All text-based applications should have a way to set the text encoding used to open and save its files. Some will even try to automatically set the encoding while loading, or others like our application EdiCue, provide a preview window so that you can try different encoding settings while checking to see that all characters are displayed correctly.
It is also important to save text files with an encoding that will be able to encode or store the characters in your text.
Line ending characters
For ADR Cue data that has been exported from a third-party application, each line of a text file represents a separate cue. To tell the computer that the next character needs to be displayed on a new line, an invisible line ending character is inserted into the text.
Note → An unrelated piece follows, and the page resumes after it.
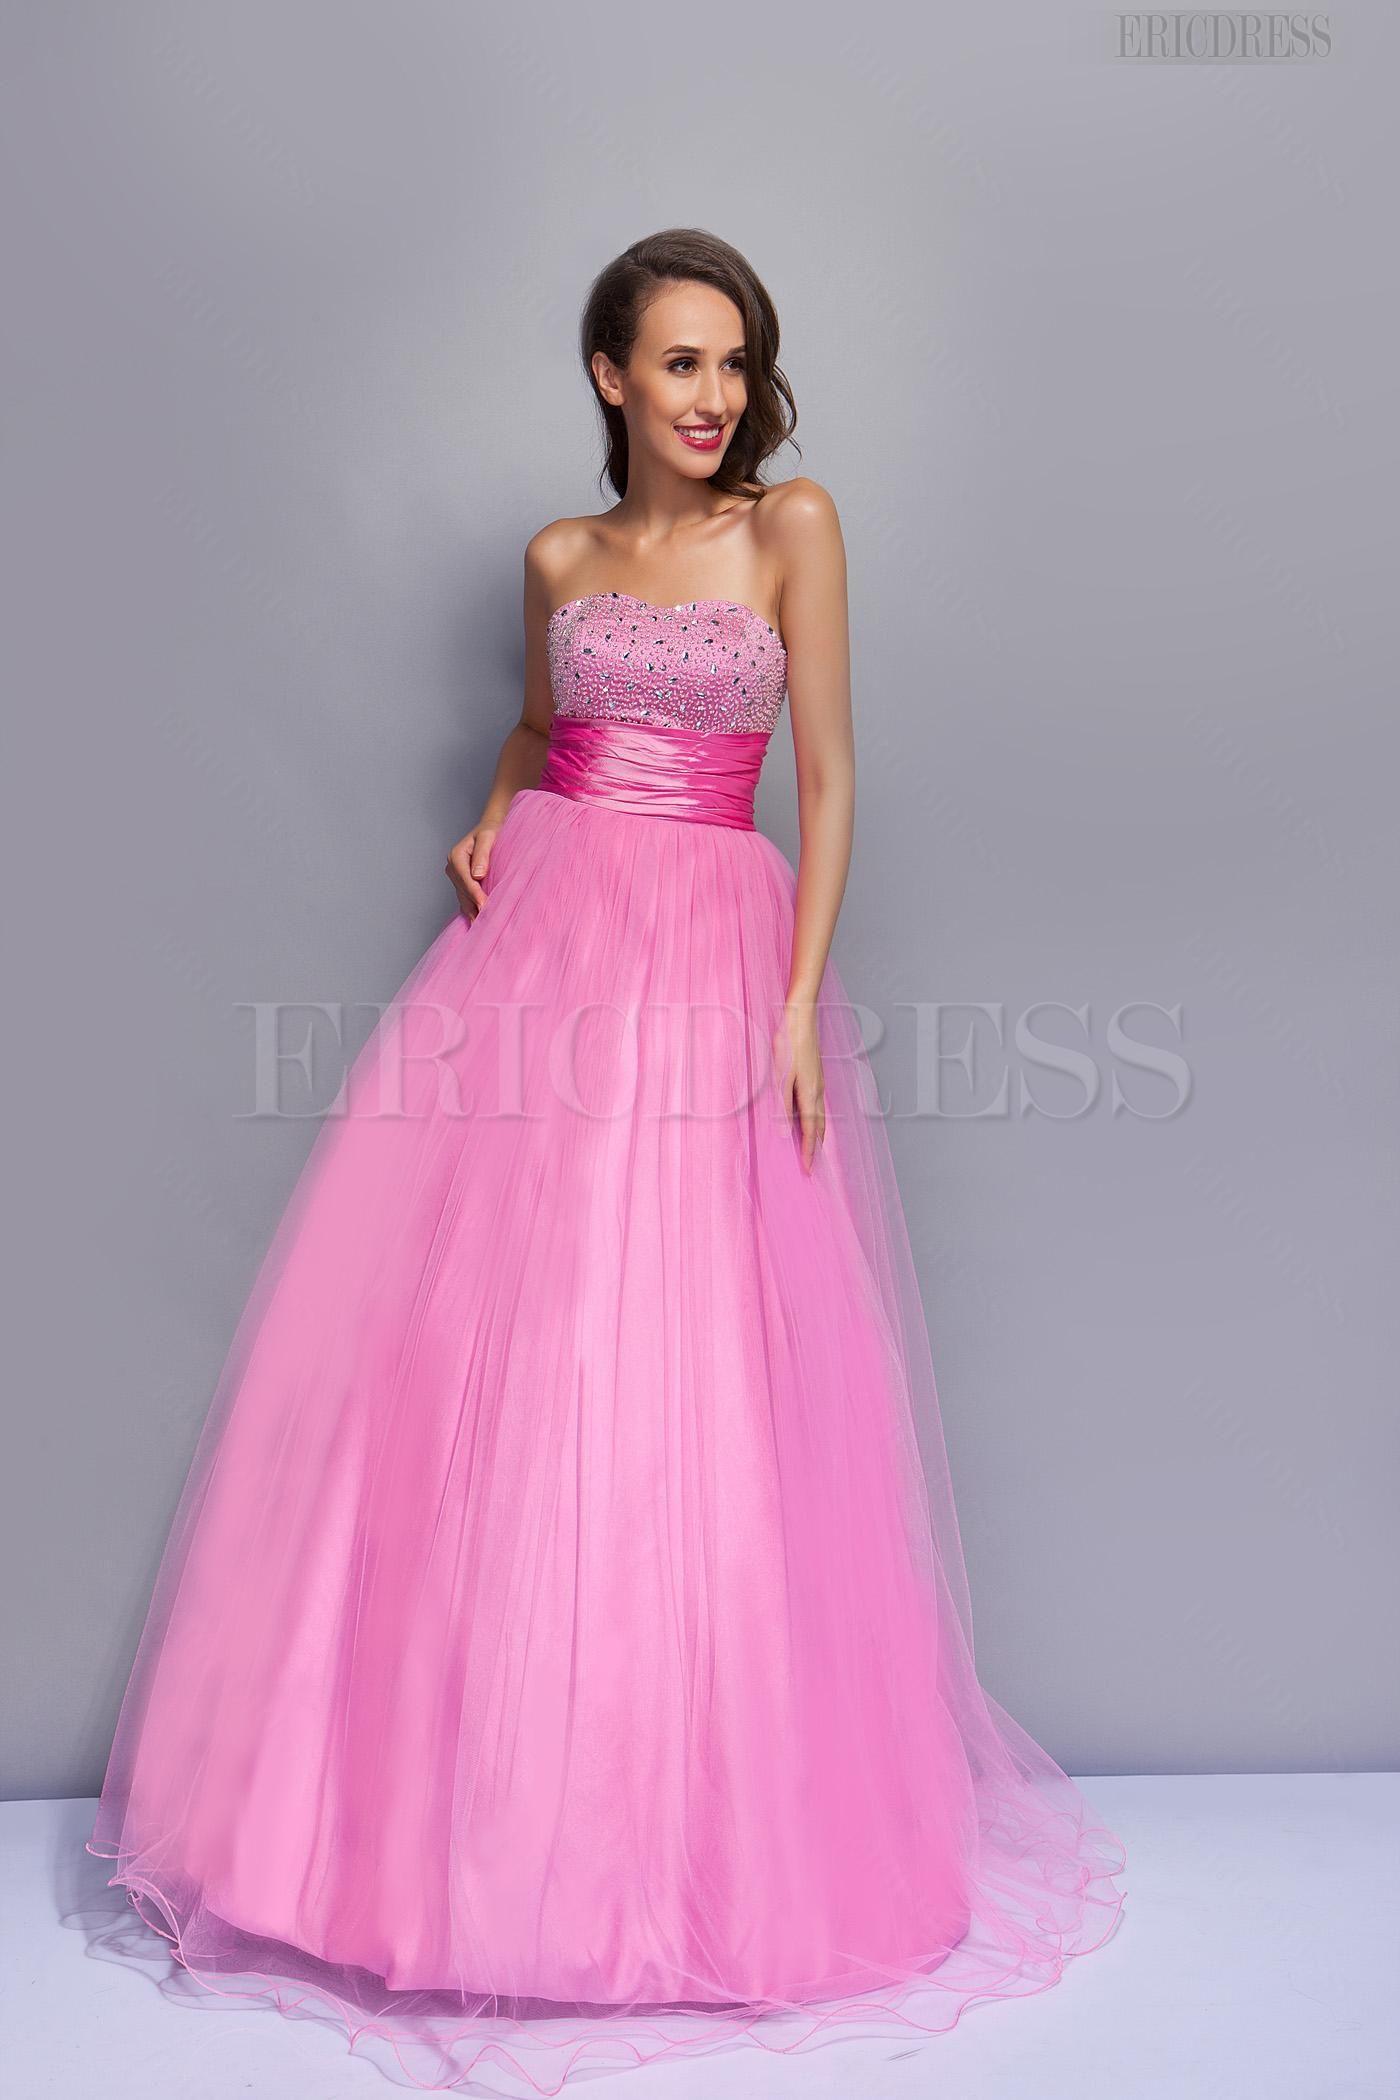 Fantastic aline sweetheart floorlength beading renataus prom dress

The character or characters used to signal this new line vary between operating systems. Either a LF (line feed) character or CR (carriage return) character or both are inserted. Here is a list of what each operating system uses:
As text files generated in Windows by default contain a CR and LF character, when opened by an application in OS X these files will open correctly as it only needs to see an LF character to display the text correctly. However, when opening a text file in Windows that was created in OS X, you may find that all text is displayed on a single line as Windows applications are expecting a CR and LF character to signal a new line while OS X applications will only insert an LF character.
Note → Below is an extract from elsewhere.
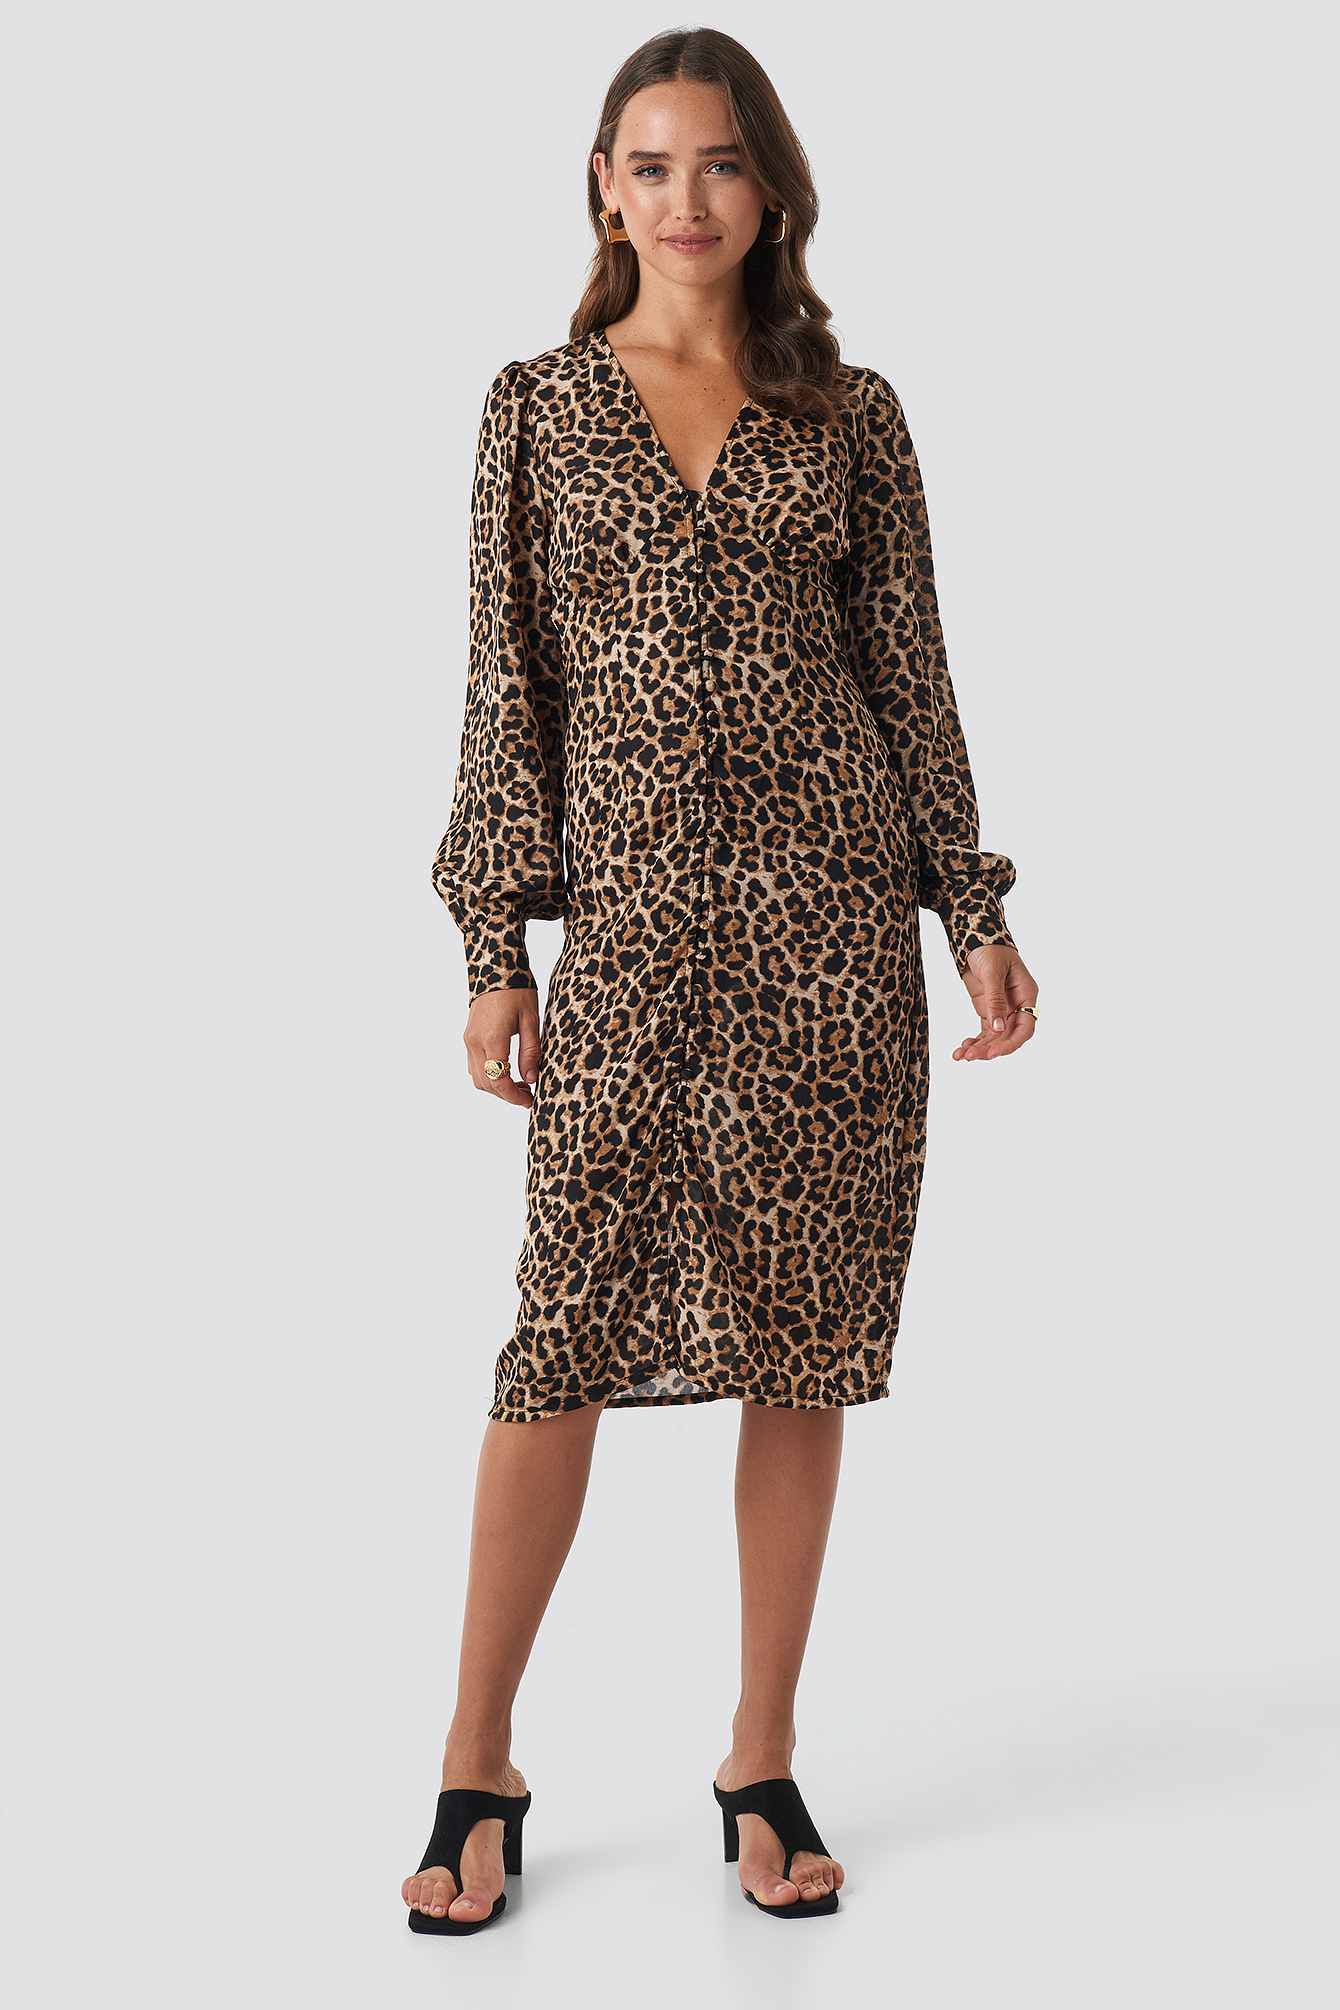 Buttoned Front V-Neck Dress NA-KD.COM

To overcome this problem, the OS X and Windows versions of EdiCue generate text files with Windows line endings. While importing text files into the OS X and Windows versions of EdiCue, EdiCue automatically detects the line ending used.
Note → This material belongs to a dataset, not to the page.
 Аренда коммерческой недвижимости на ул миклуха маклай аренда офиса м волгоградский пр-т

Field delimiter characters
To separate the contents of each line into separate fields a field delimiter character is inserted. Various characters can be used to perform this task. The most common are a tab, comma or semi-colon character.
If you have a choice over which delimiter character is used while exporting a text file, select one that isn’t already present in your data. If you don’t, your fields will not be separated correctly during import. Selecting a tab character as a delimiter generally works best as ADR cue data generally doesn’t contain a tab character.